In another aspect, the present application provides a mask face recognition model training device, including:
the source data acquisition unit is used for acquiring a sample facial feature video and a corresponding evaluation label; the sample facial feature video is a video formed by a user executing operation according to a set rule;
a frame extraction unit for extracting image frames of the sample facial feature video to form a frame sequence;
the difference processing unit is used for carrying out difference operation on adjacent frames in the frame sequence according to the frame sequence to obtain a difference image;
a feature determination unit configured to extract a feature matrix of each of the difference images; combining the characteristic matrixes of the differential images according to the frame sequence to obtain a video characteristic matrix;
and the model training unit is used for training the mask face feature recognition model by adopting the video feature matrix and the corresponding evaluation label.
According to the mask face feature recognition model training method, after a difference image is obtained by performing difference operation on adjacent frames in a frame sequence, the difference image is processed to extract a feature matrix, and the feature matrix representing a sample face feature video is obtained based on the feature matrix of the difference image.
Because the feature matrix for representing the sample facial feature video is determined based on the differential image, the change condition of the video content along with time is embodied, namely the delay degree and the controllable degree of the change of the facial expression of the tester according to the set rule are embodied, and then the facial mask characteristics of the tester can be embodied. Compared with the prior art in which the method for determining the facial mask features by directly extracting the features by using the facial features is directly adopted, the method can simplify the calculated amount, realize the rapid establishment of the facial mask feature identification model and achieve better accuracy.
Detailed Description
In order that the above-mentioned objects, features and advantages of the present application may be more clearly understood, the solution of the present application will be further described below. It should be noted that the embodiments and features of the embodiments of the present application may be combined with each other without conflict.

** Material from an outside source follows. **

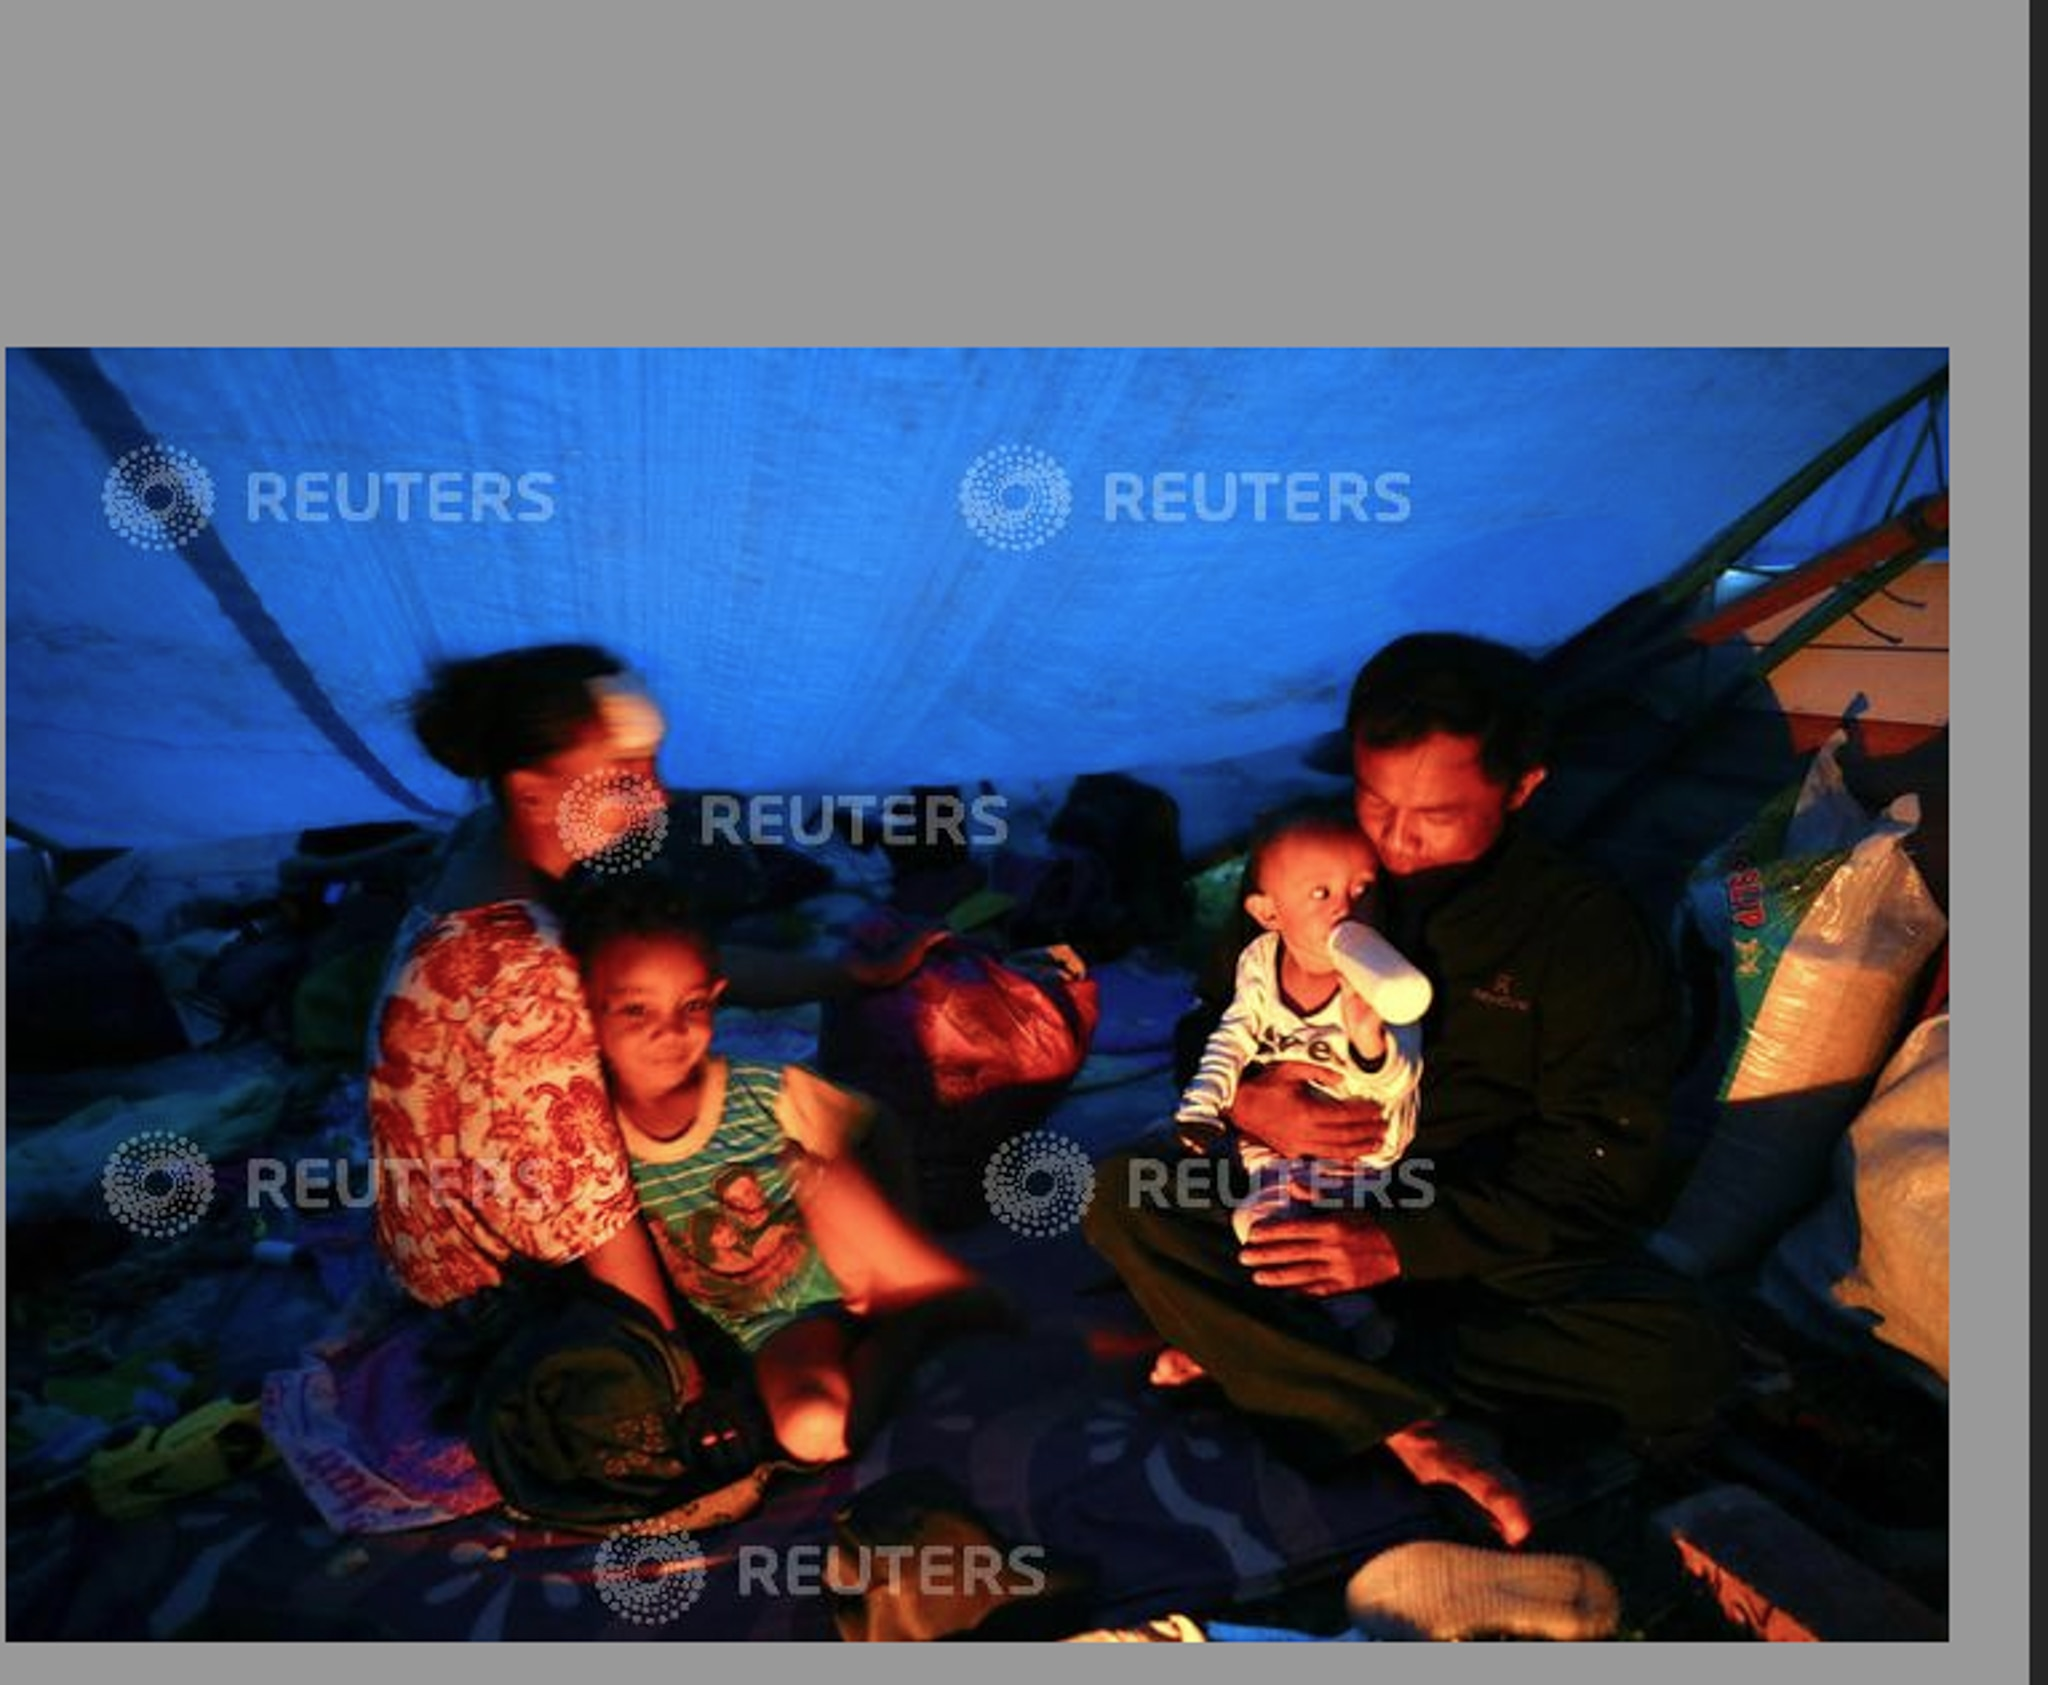 (REUTERS/Athit Perawongmetha)

In the following description, numerous specific details are set forth in order to provide a thorough understanding of the present application, but the present application may be practiced in other ways than those described herein; it is to be understood that the embodiments described in this specification are only some embodiments of the present application and not all embodiments.

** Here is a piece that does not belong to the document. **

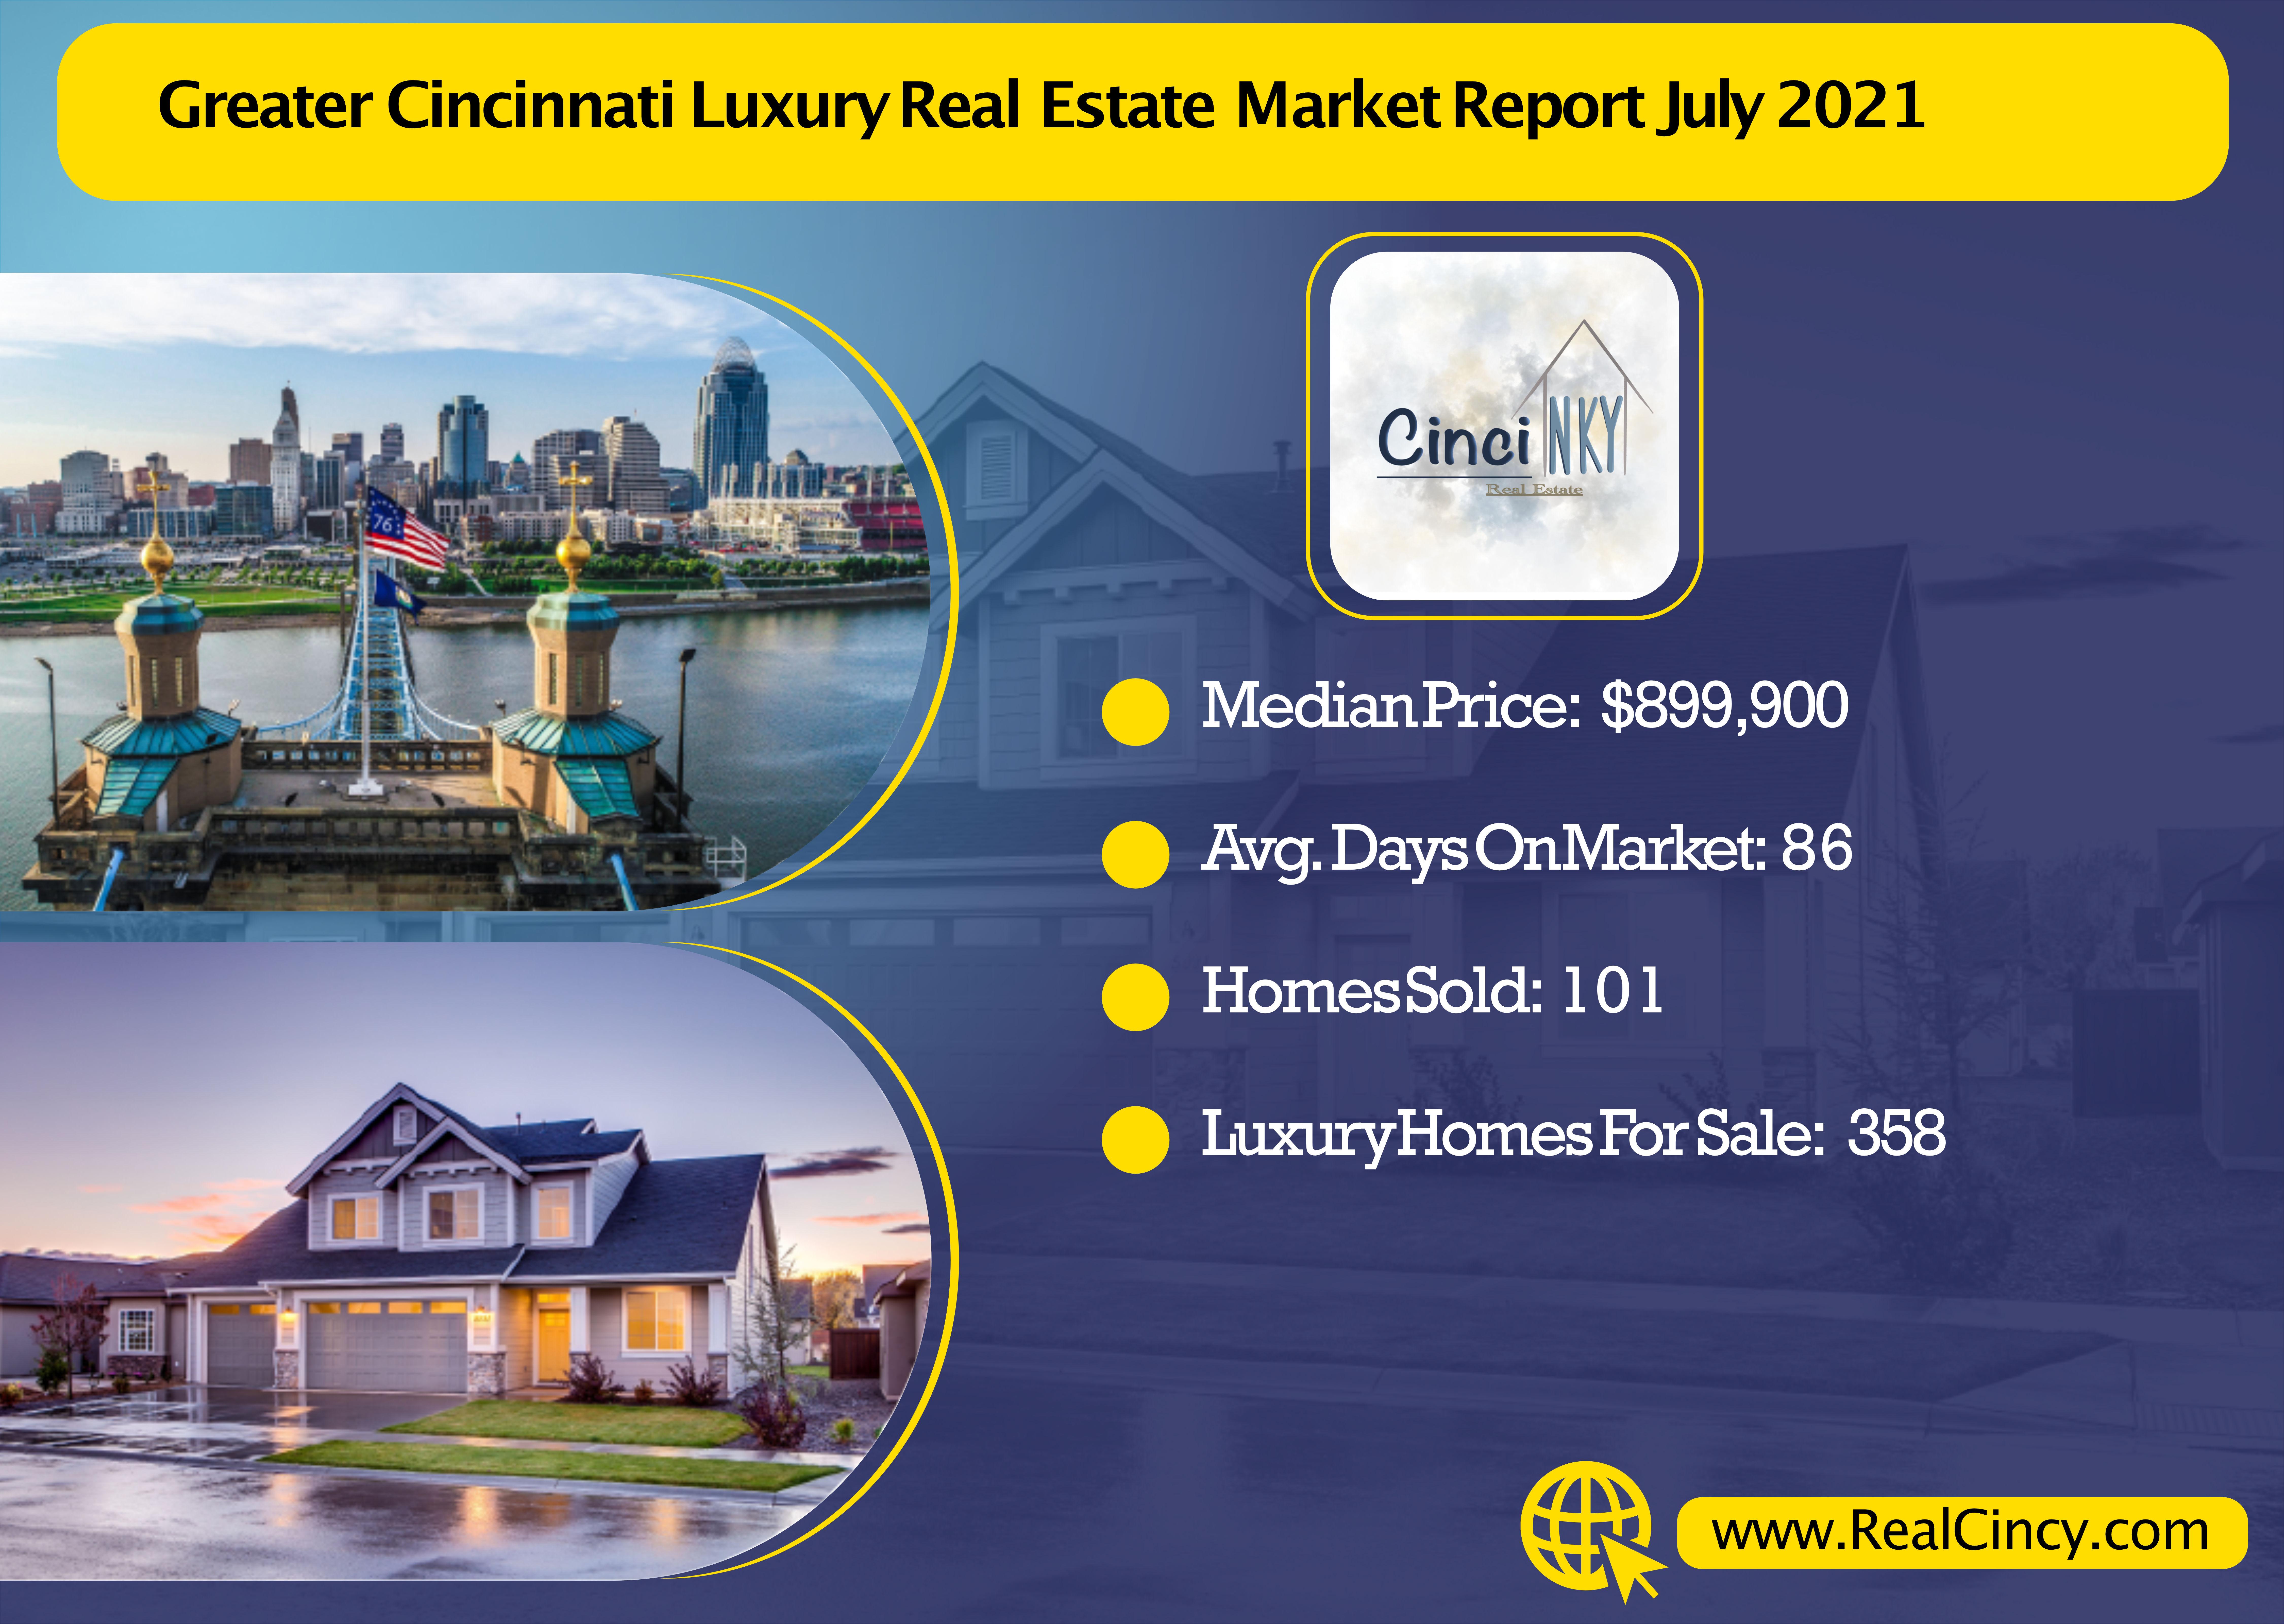 July 2021 Greater Cincinnati Luxury Real Estate Market Report

The embodiment of the application provides a mask face feature recognition model training method, which is characterized in that training data for training a mask face feature recognition model are obtained by a new method, and the model is performed by the aid of the training data.
Fig. 1 is a flowchart of a mask face feature recognition model training method according to an embodiment of the present disclosure. As shown in fig. 1, the method provided by the embodiment of the present application includes steps S101 to S105.

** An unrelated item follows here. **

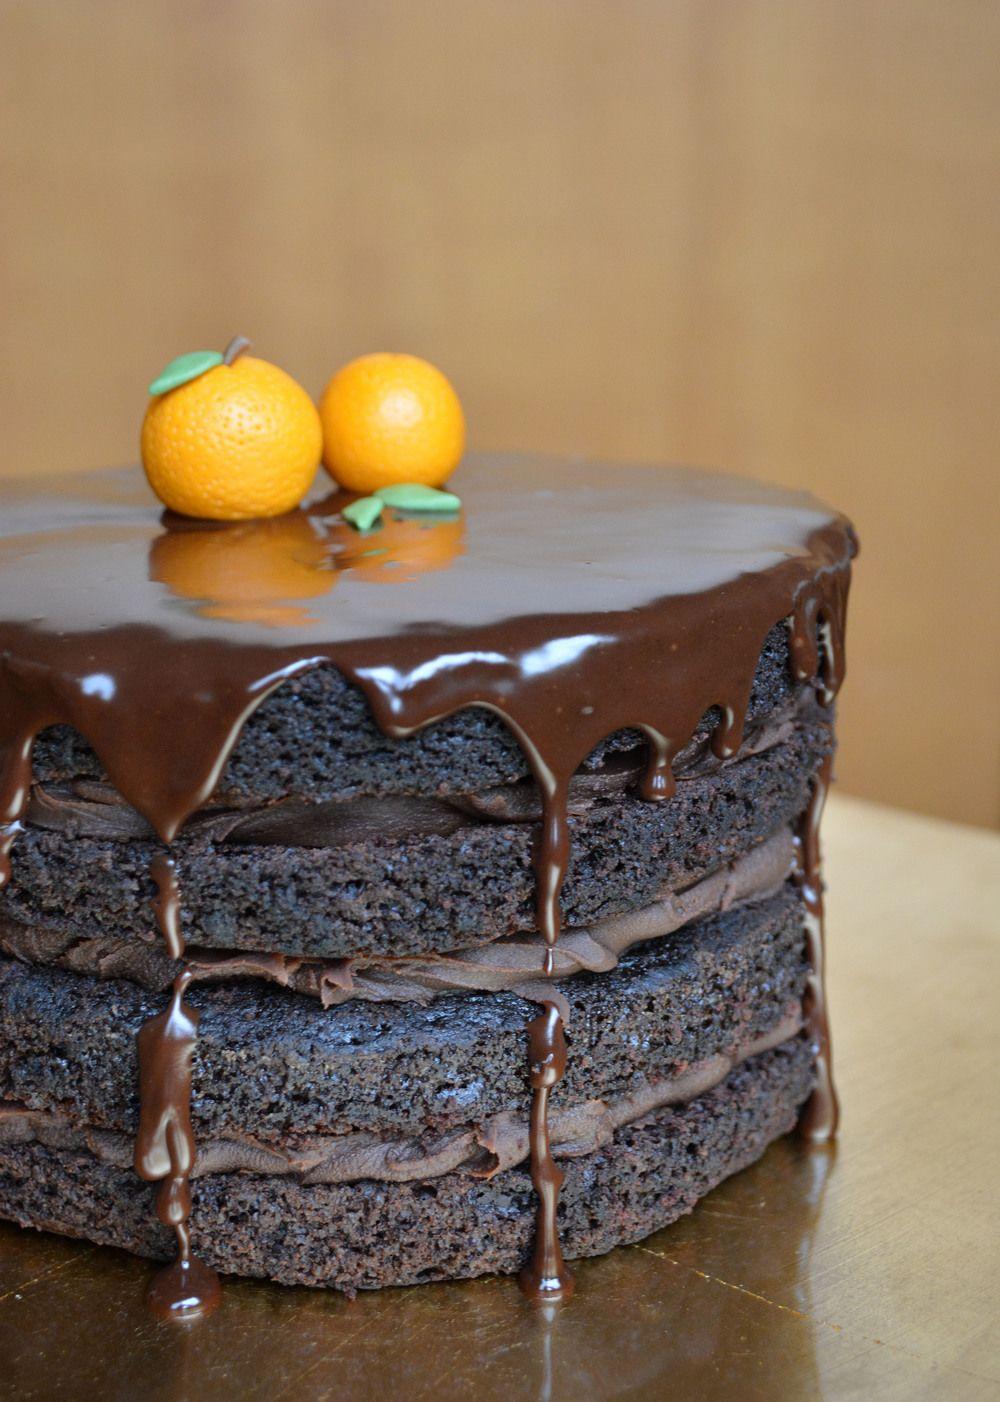 Recipe: Orange Chocolate Cake with Cointreau Ganache

S101: and acquiring a sample facial feature video and a corresponding evaluation label.
The sample facial feature video may be acquired by a tester using a mobile terminal such as a smart phone, or may be acquired by using a dedicated image acquisition device, which is not particularly limited in the embodiments of the present application.
In the embodiment of the application, the sample facial feature video is a video formed by a tester executing facial actions according to a set rule; the set rules comprise parameters such as the type of the facial action of the tester, the execution time of the facial action and the like. When obtaining a sample facial feature video, a tester must autonomously control facial muscles to perform corresponding actions according to set rules.
In the embodiment of the present application, the setting rule may include one facial action and corresponding execution time, or may include a plurality of facial actions and corresponding execution times.
In one specific application, the set rule includes three facial movements, which are closing both eyes, relaxing and looking straight ahead and tiny and exposing teeth, respectively; three facial movements all are designed to some characteristics that the mask face has for observe the facial rigidity degree and the face of tester (also be the tester) and change lazy degree, wherein: closing the eyes to observe the relaxation degree of the face of the tester, relaxing and directly viewing the front to observe the eye condition of the tester, and smiling and exposing the teeth to observe the mouth angle and the eye condition of the tester.
In order to capture each facial movement reasonably and reflect the degree of stiffness and slowness of change of the face, each facial movement should be performed properly. In one application of the embodiment of the present application, the execution time of each face motion is 5s, and the execution of three face motions is continuous.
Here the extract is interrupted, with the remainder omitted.